And so it was a challenge, but it was definitely worth it because the clarity that came out of that was pretty awesome. And the reality is there isn't anything like that, right? Because of two things, right? Firstly, it's a fundamental change in cybersecurity impacting pretty much the entire organization. So somewhat like digital transformation, the journey of zero trust delivery process is roadmap. And it reflects essentially the ability to transform an organization.

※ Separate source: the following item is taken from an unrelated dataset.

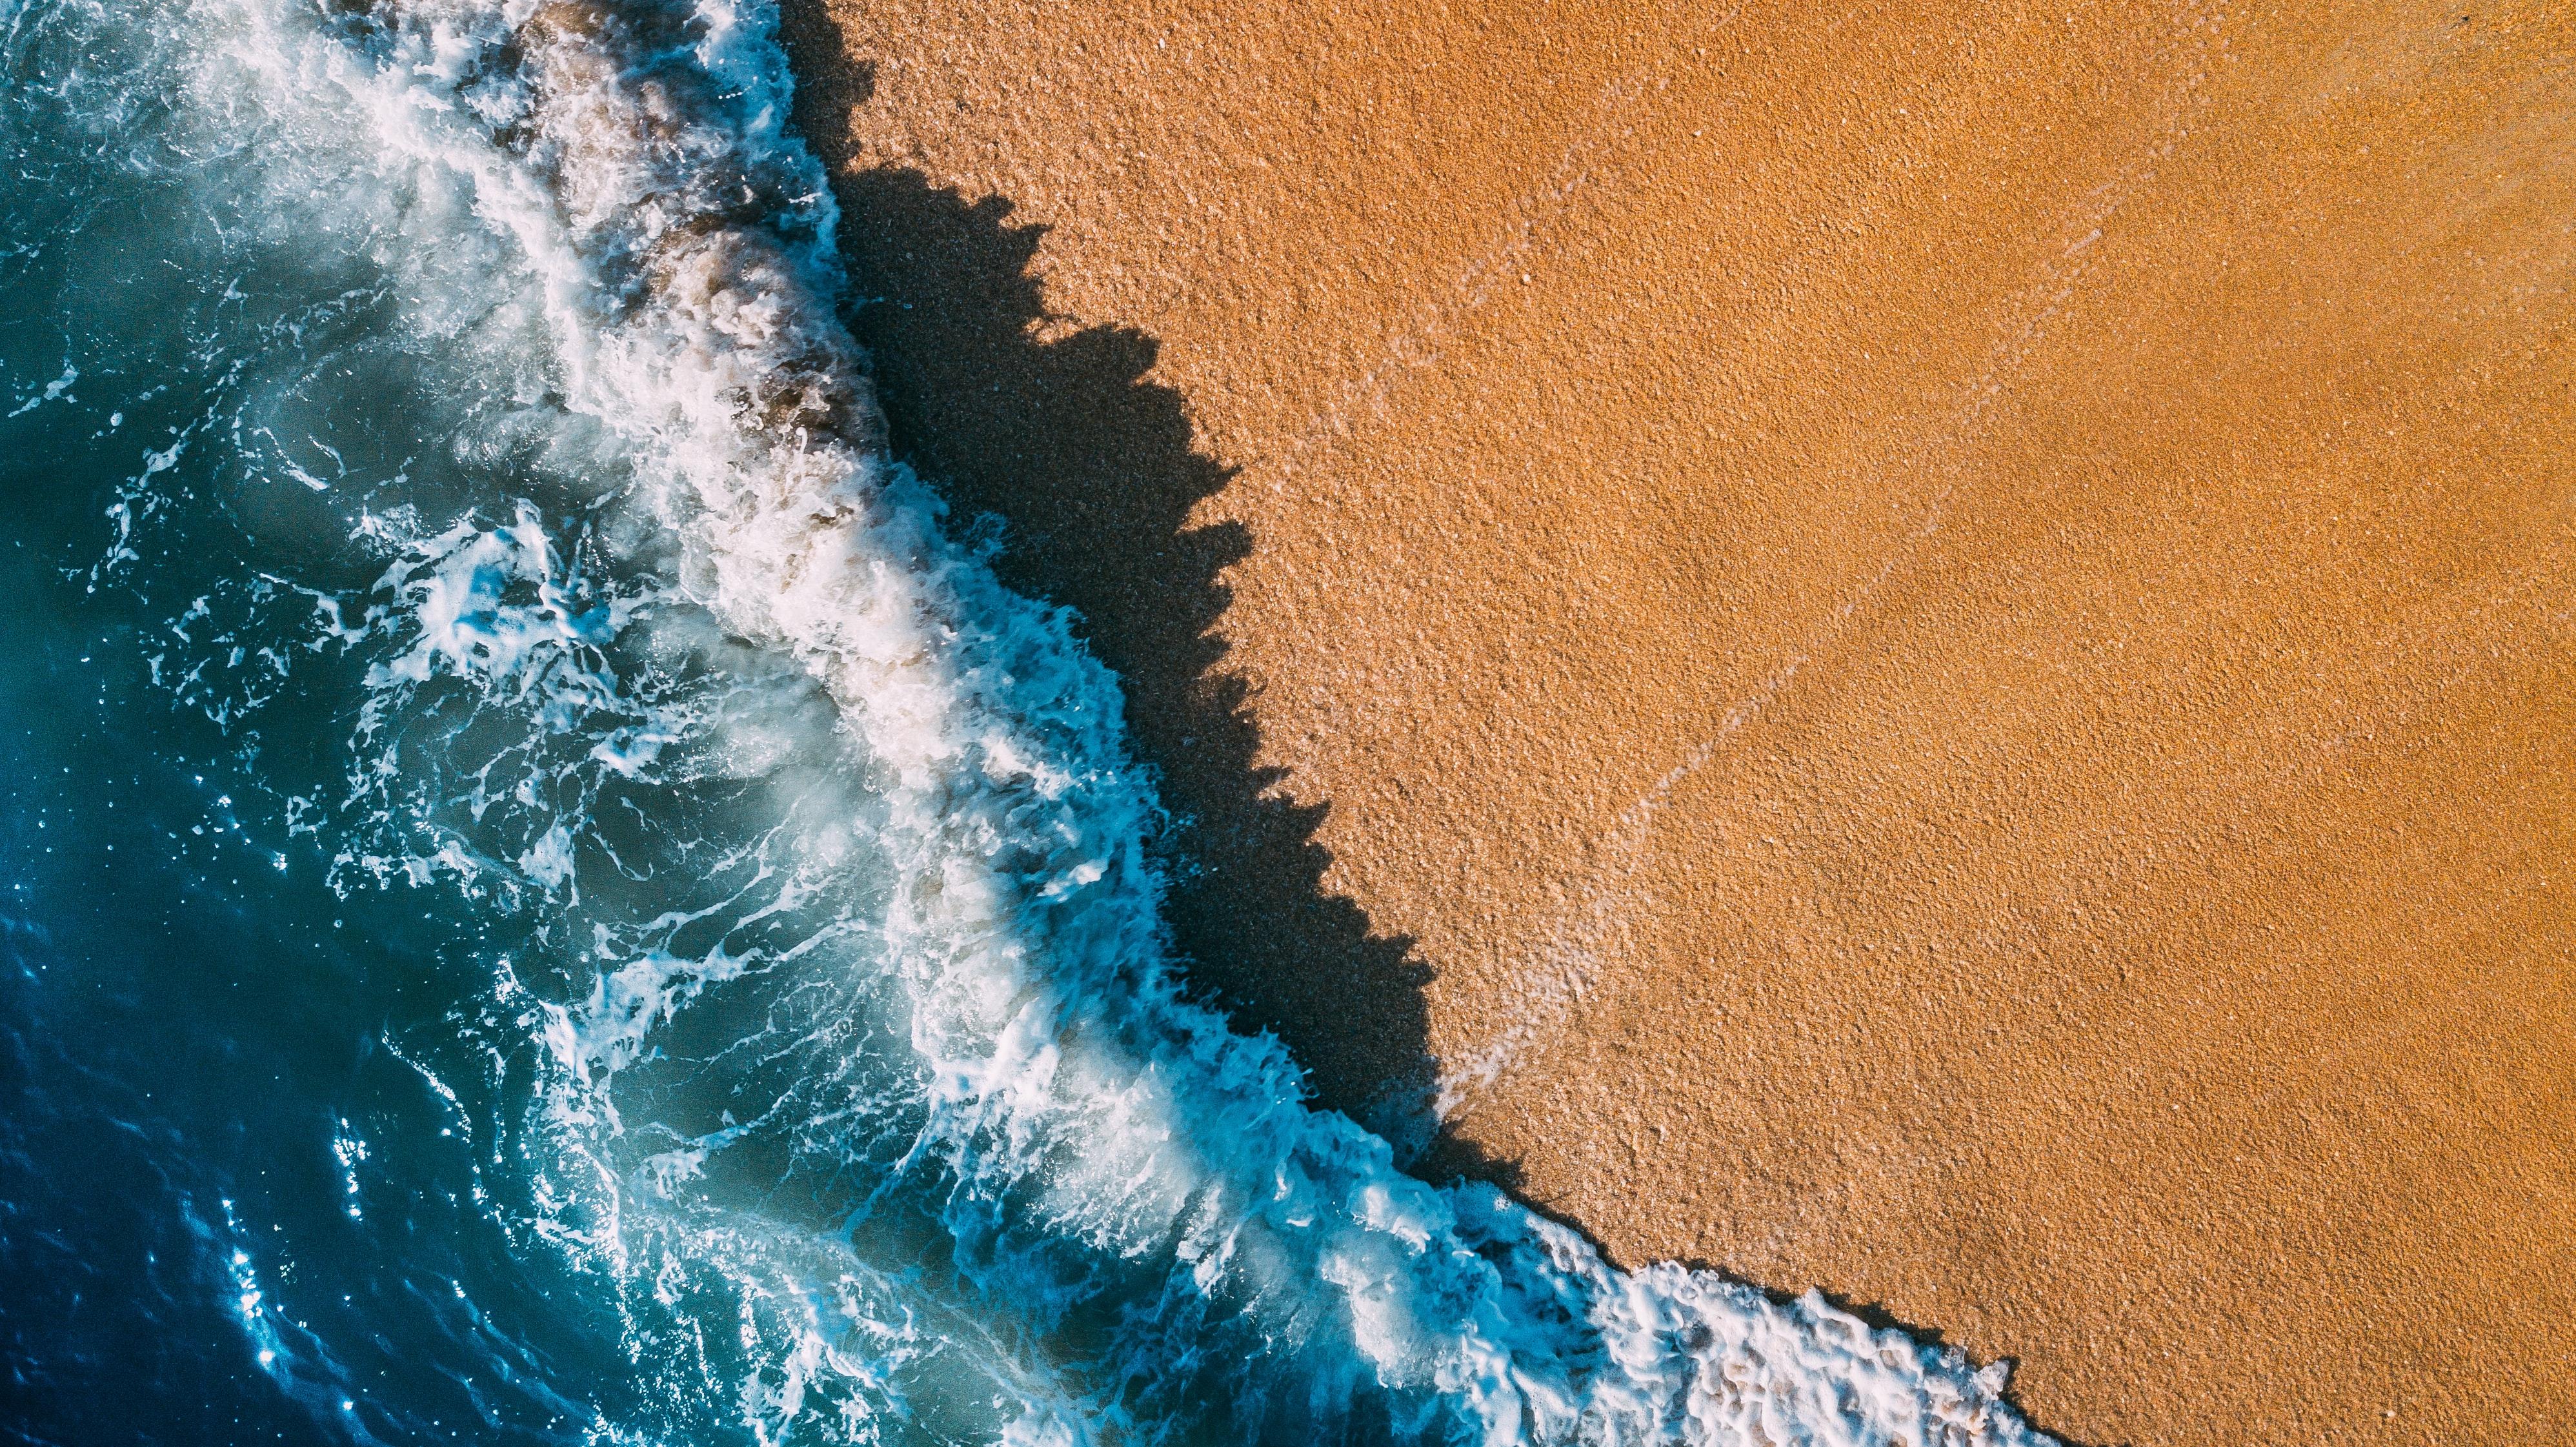 General 3992x2242 nature beach sand water

There are different ways we do things. There's a different level of agility to be thought about. Different stakeholders have to be engaged. And I don't think we really have that otherwise right now in the industry, in the cybersecurity industry. We have siloed, sometimes arcane assets, but not something which goes end to end and takes people down that journey. And we saw the need for it and we said, okay, well, you know what?
With the agility that we need to provide something to the industry, the Playbook series made a lot of sense. And we were literally giving people a Playbook. So if you're a senior leader, if you're a small business, mid-sized, large business in different domains, what does it mean to you? What does it mean to you in the context of a day in the life? What does it mean to you in the context of a day in the life? And also, what capabilities do you need? How do we stitch them together?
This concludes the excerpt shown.